_What you have to do_. So that the copy stays text only, transcribe the data below exactly and exclude the images.

_Available data_.
- Opening Delimiter -

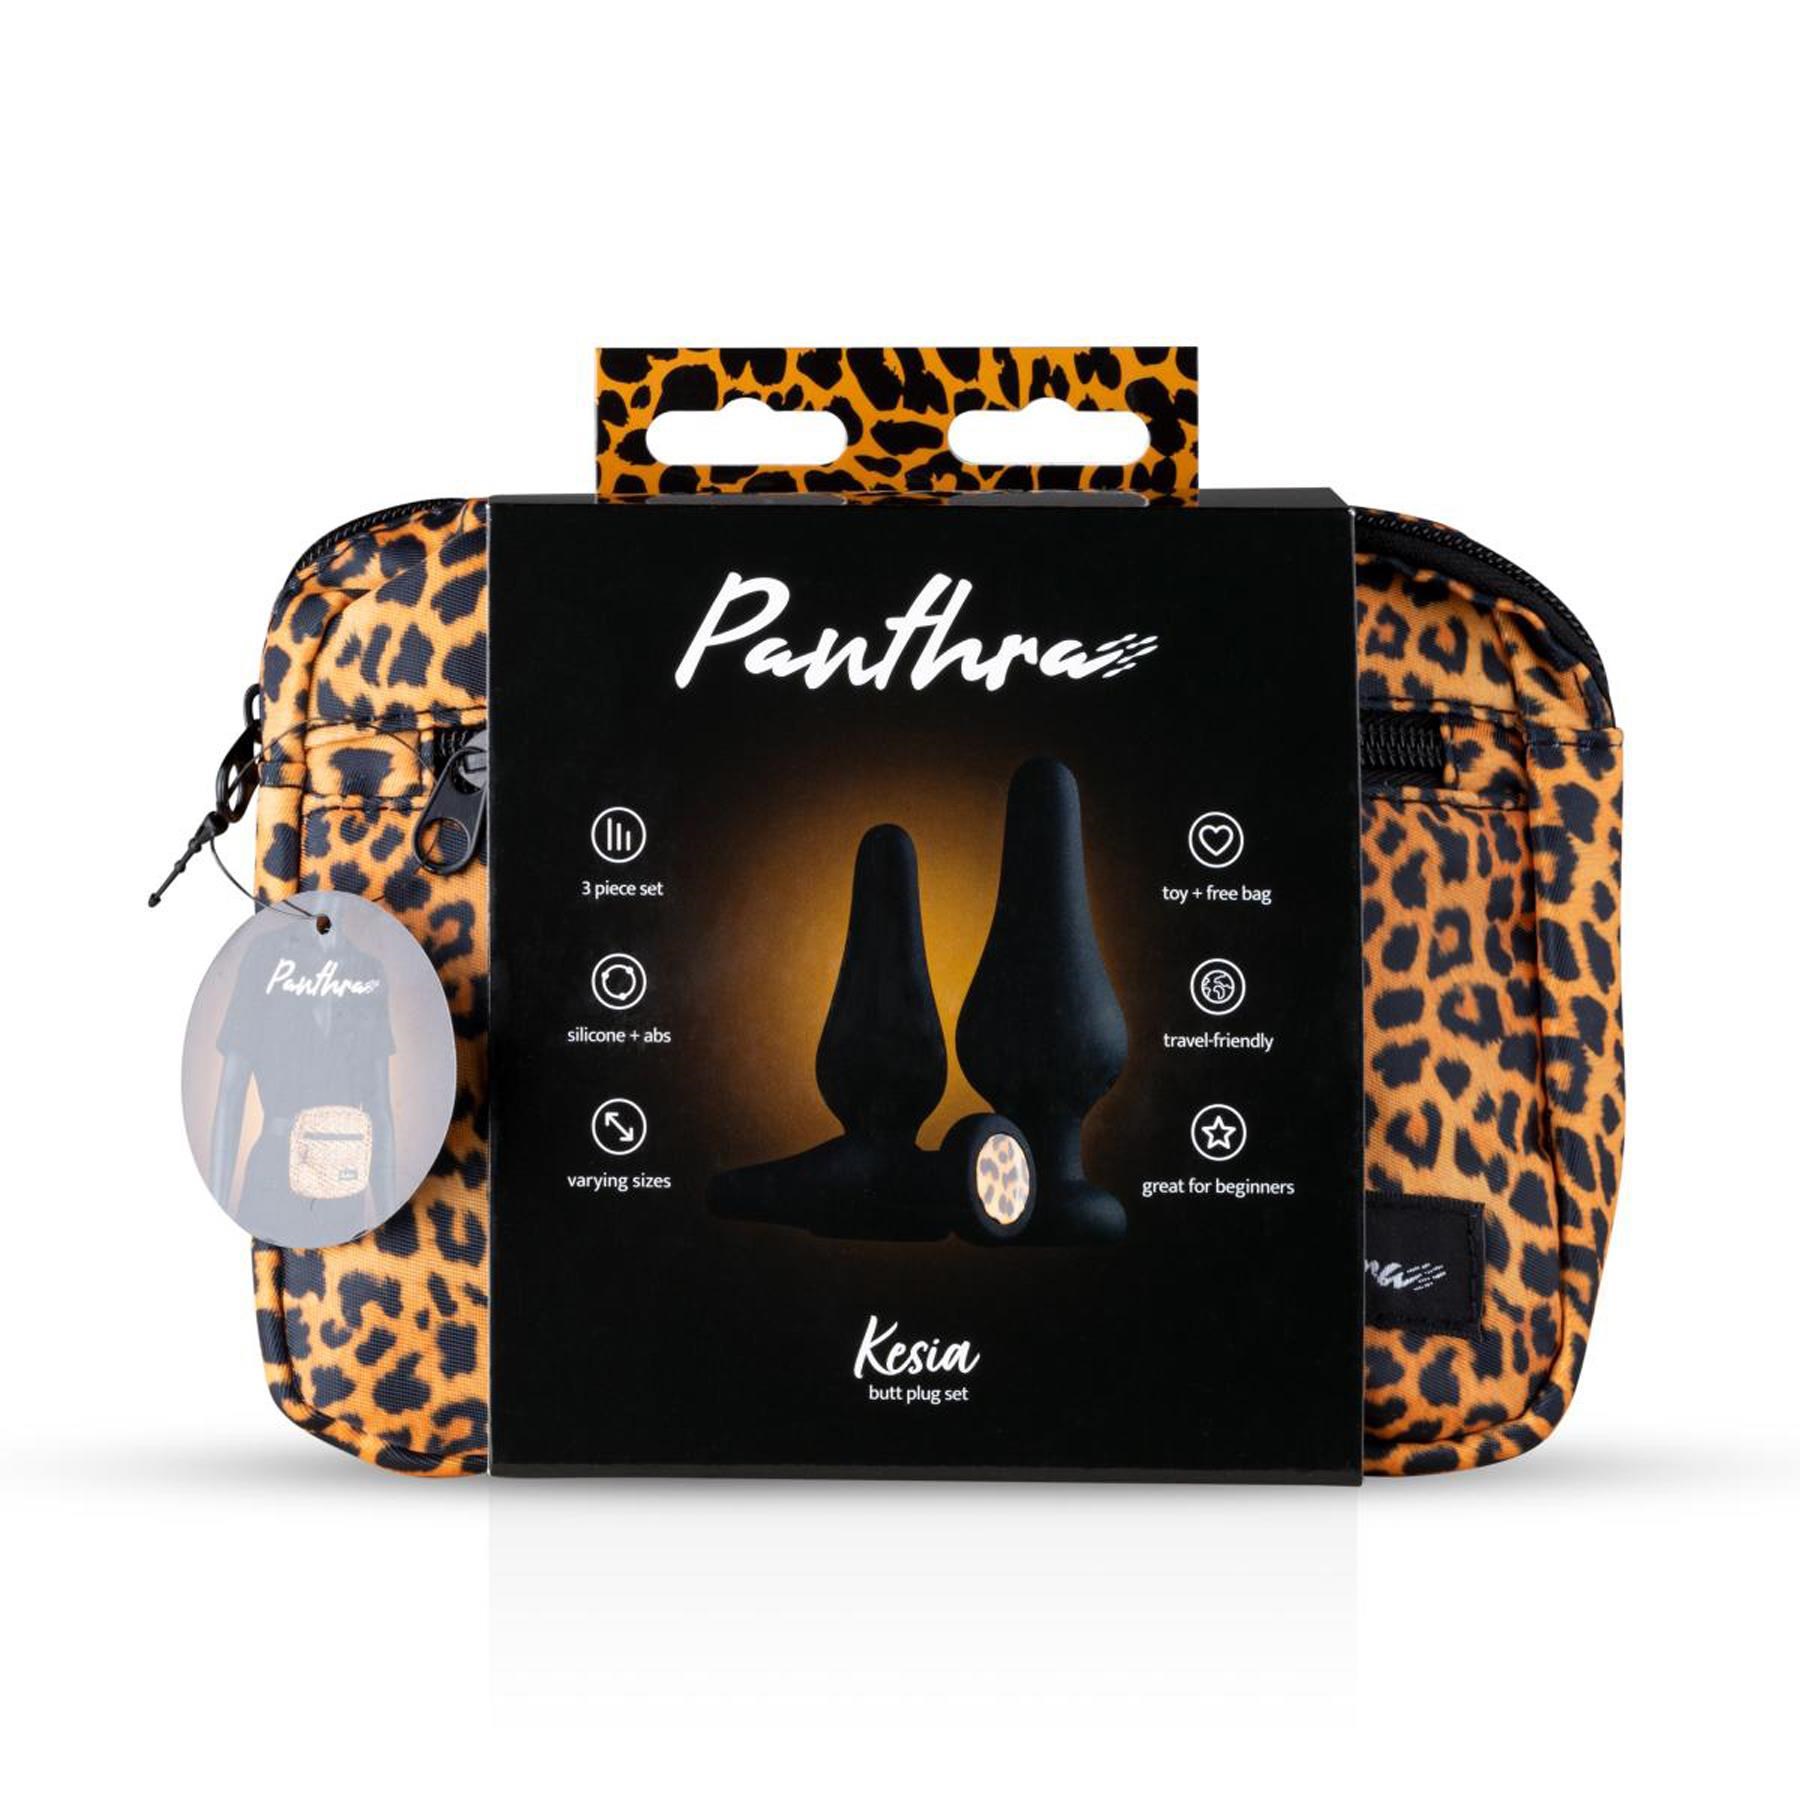 Panthra Kesia Butt Plug Set - Packaging Shot
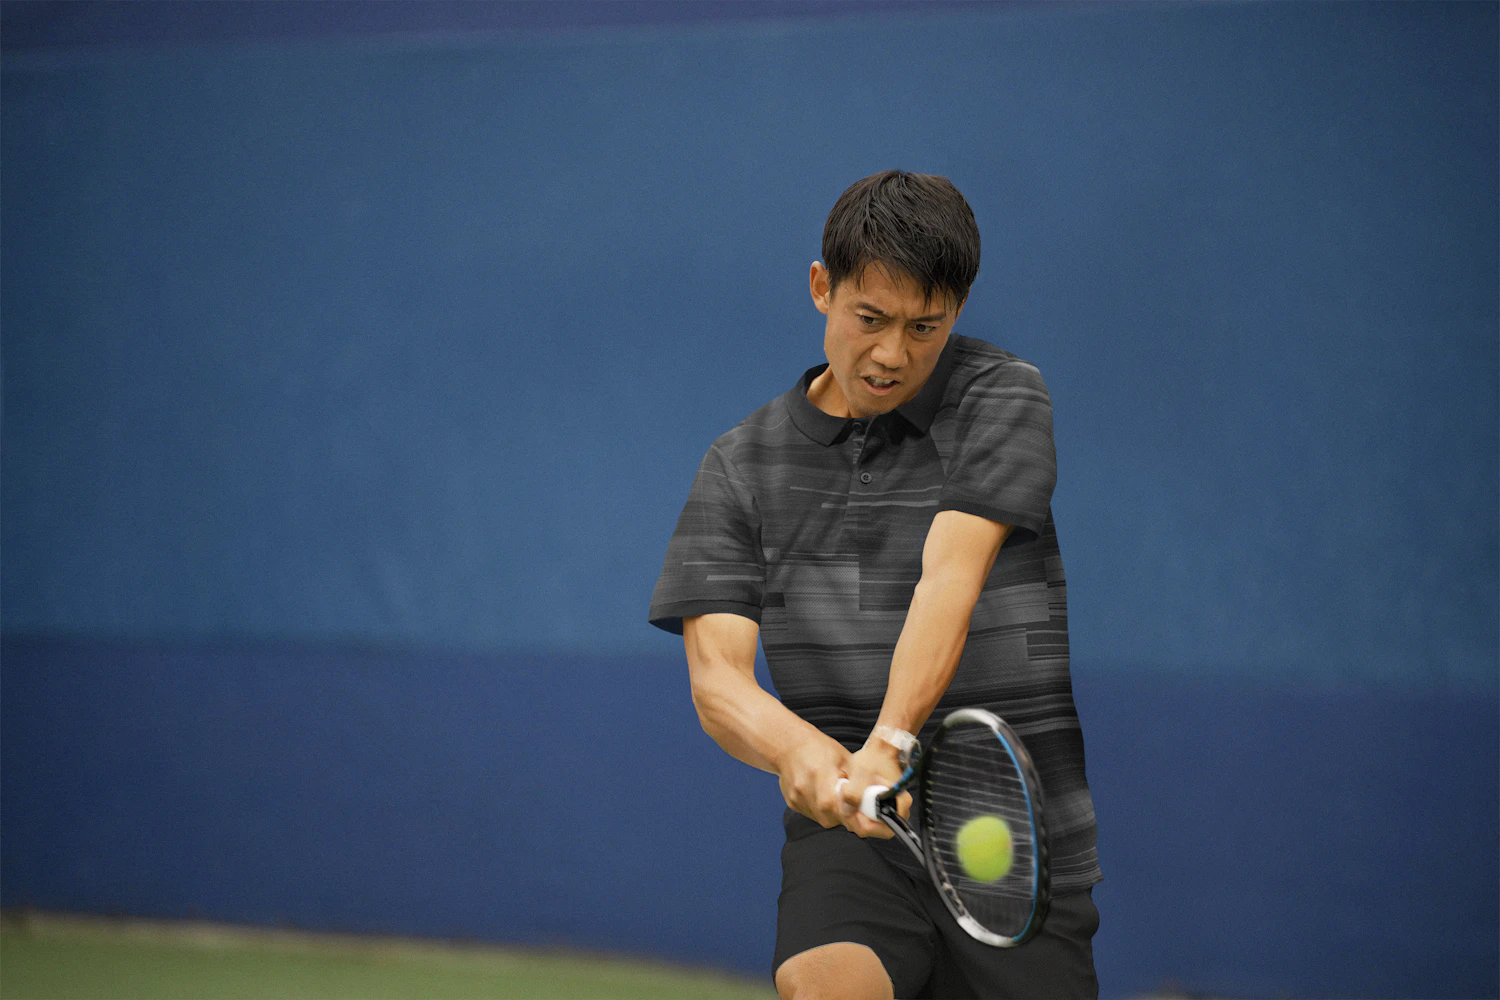 Tennis player Kei Nishikori
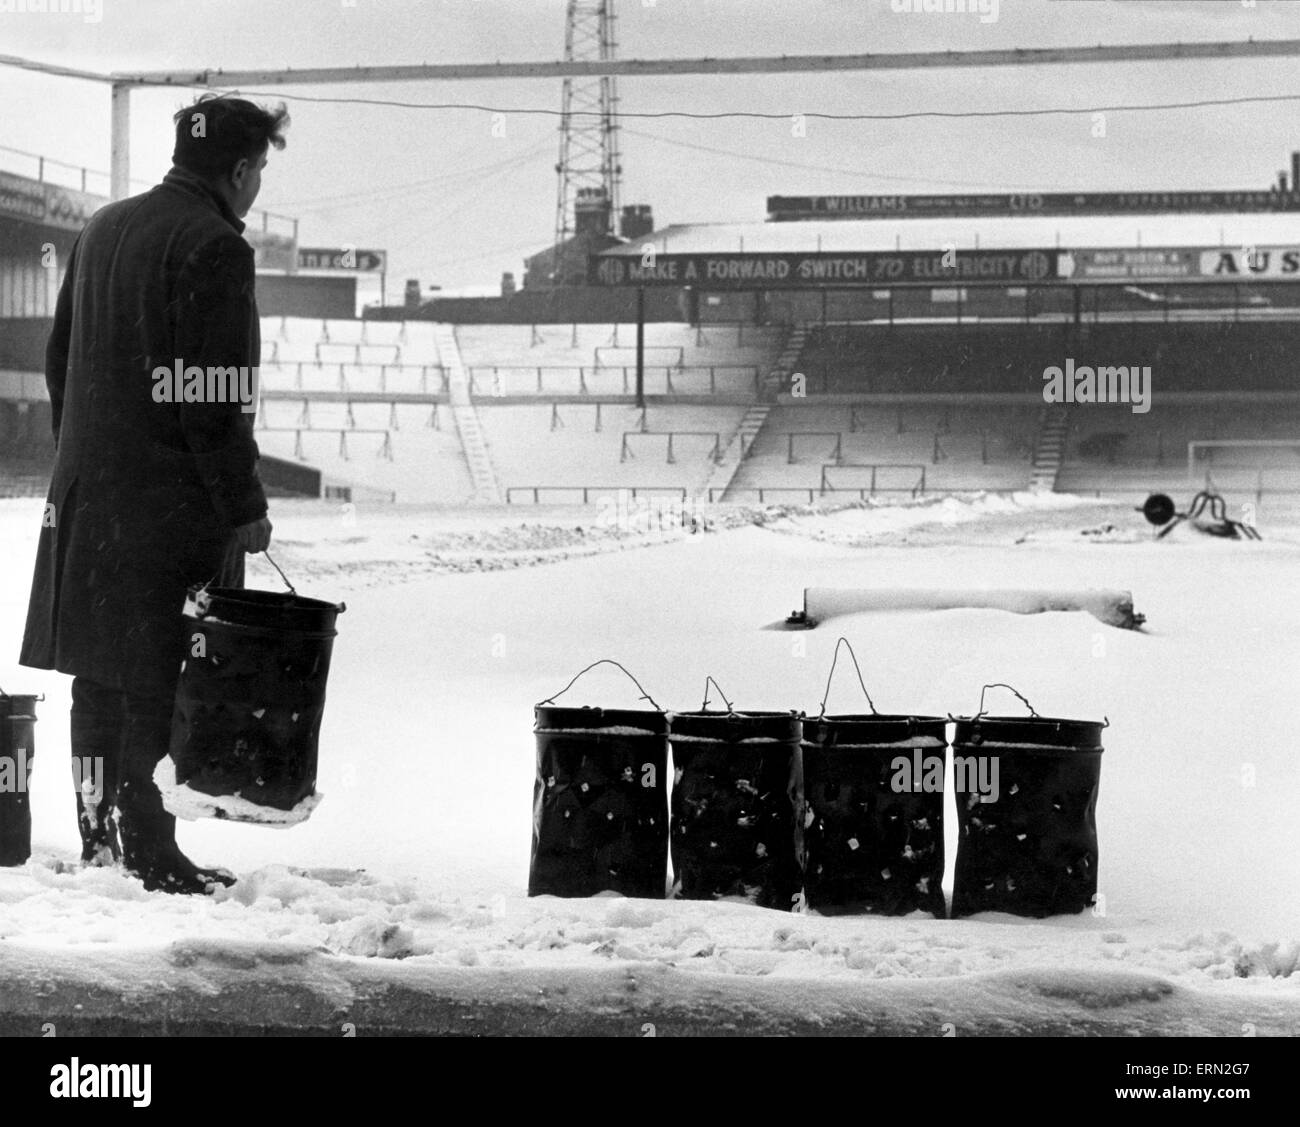 Birmingham City Ground St Andrews pitch cubiertos de nieve, de enero de 1963. Foto de stock
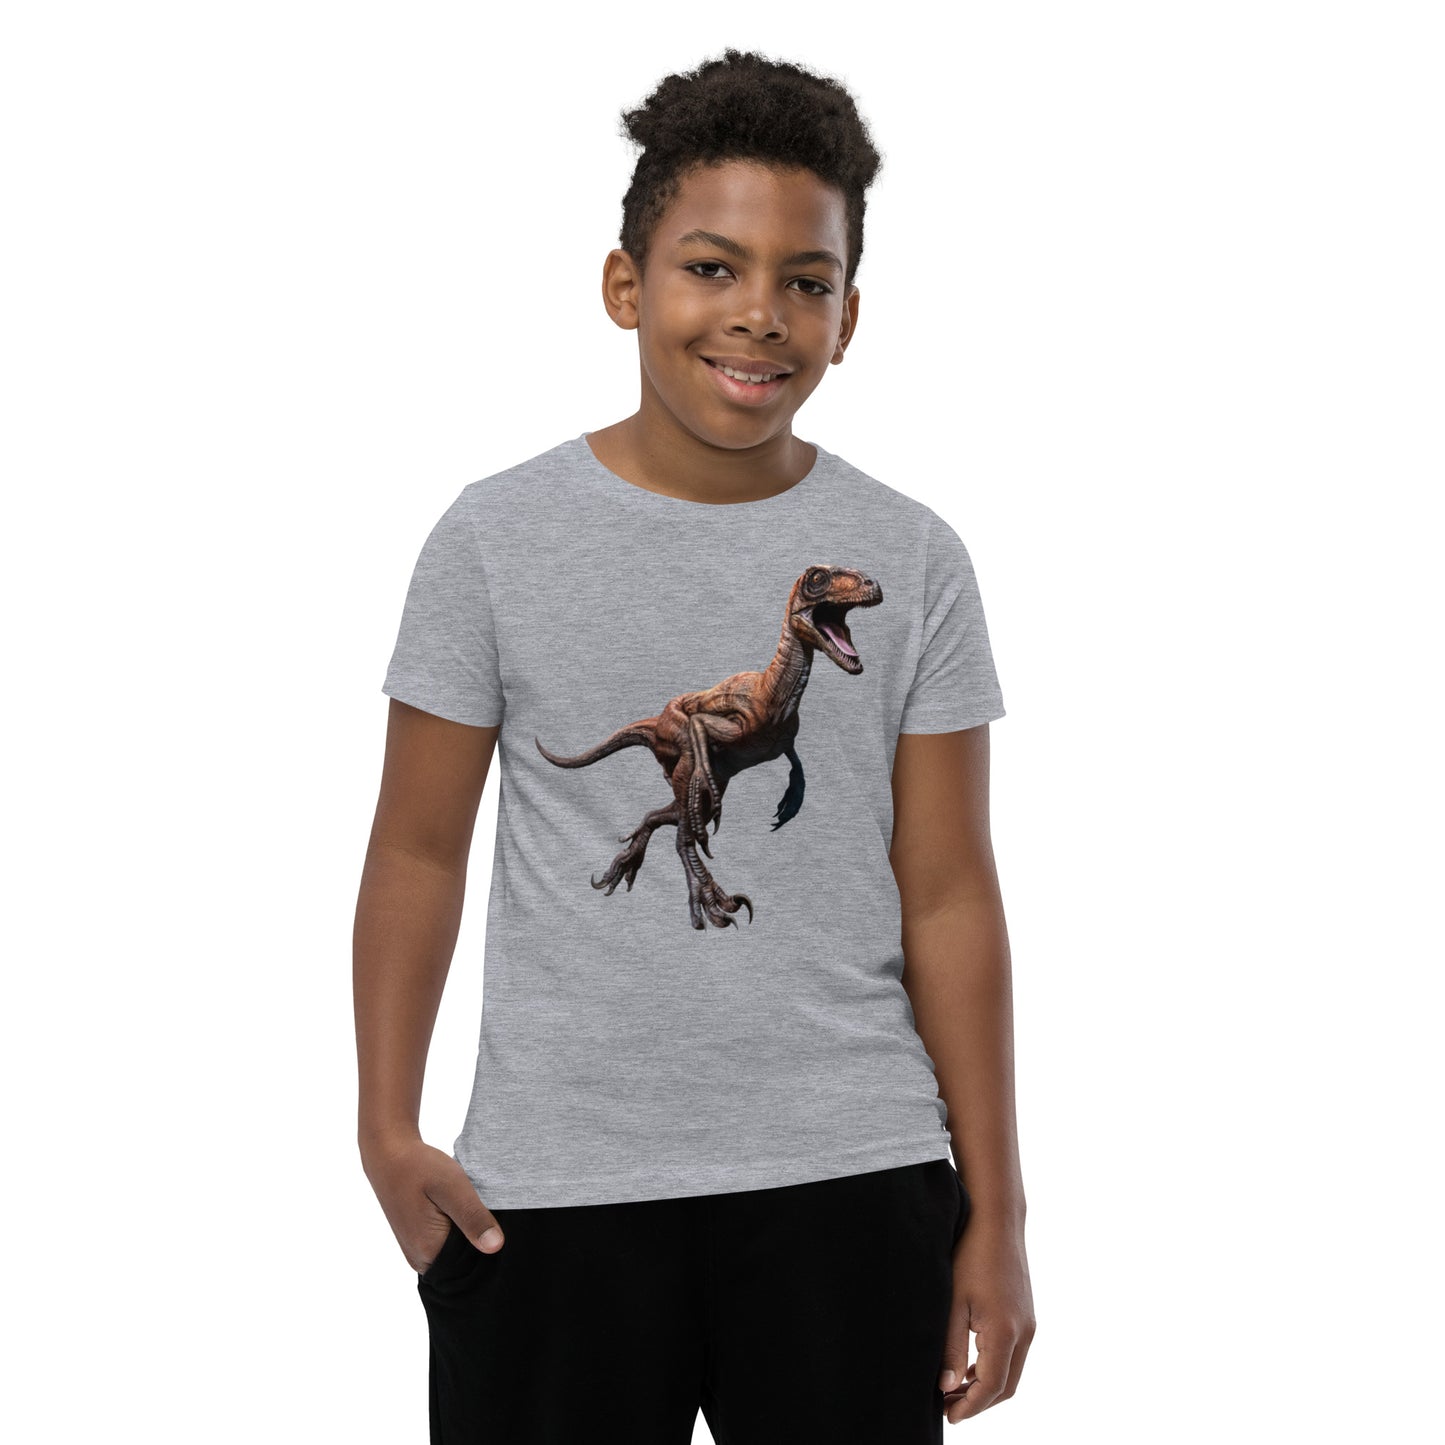 Raptor Youth Short Sleeve T-Shirt

- Closing Delimiter -

_Final answer_.
 Panthra Kesia Butt Plug Set - Packaging Shot
 Tennis player Kei Nishikori
 Birmingham City Ground St Andrews pitch cubiertos de nieve, de enero de 1963. Foto de stock
 Raptor Youth Short Sleeve T-Shirt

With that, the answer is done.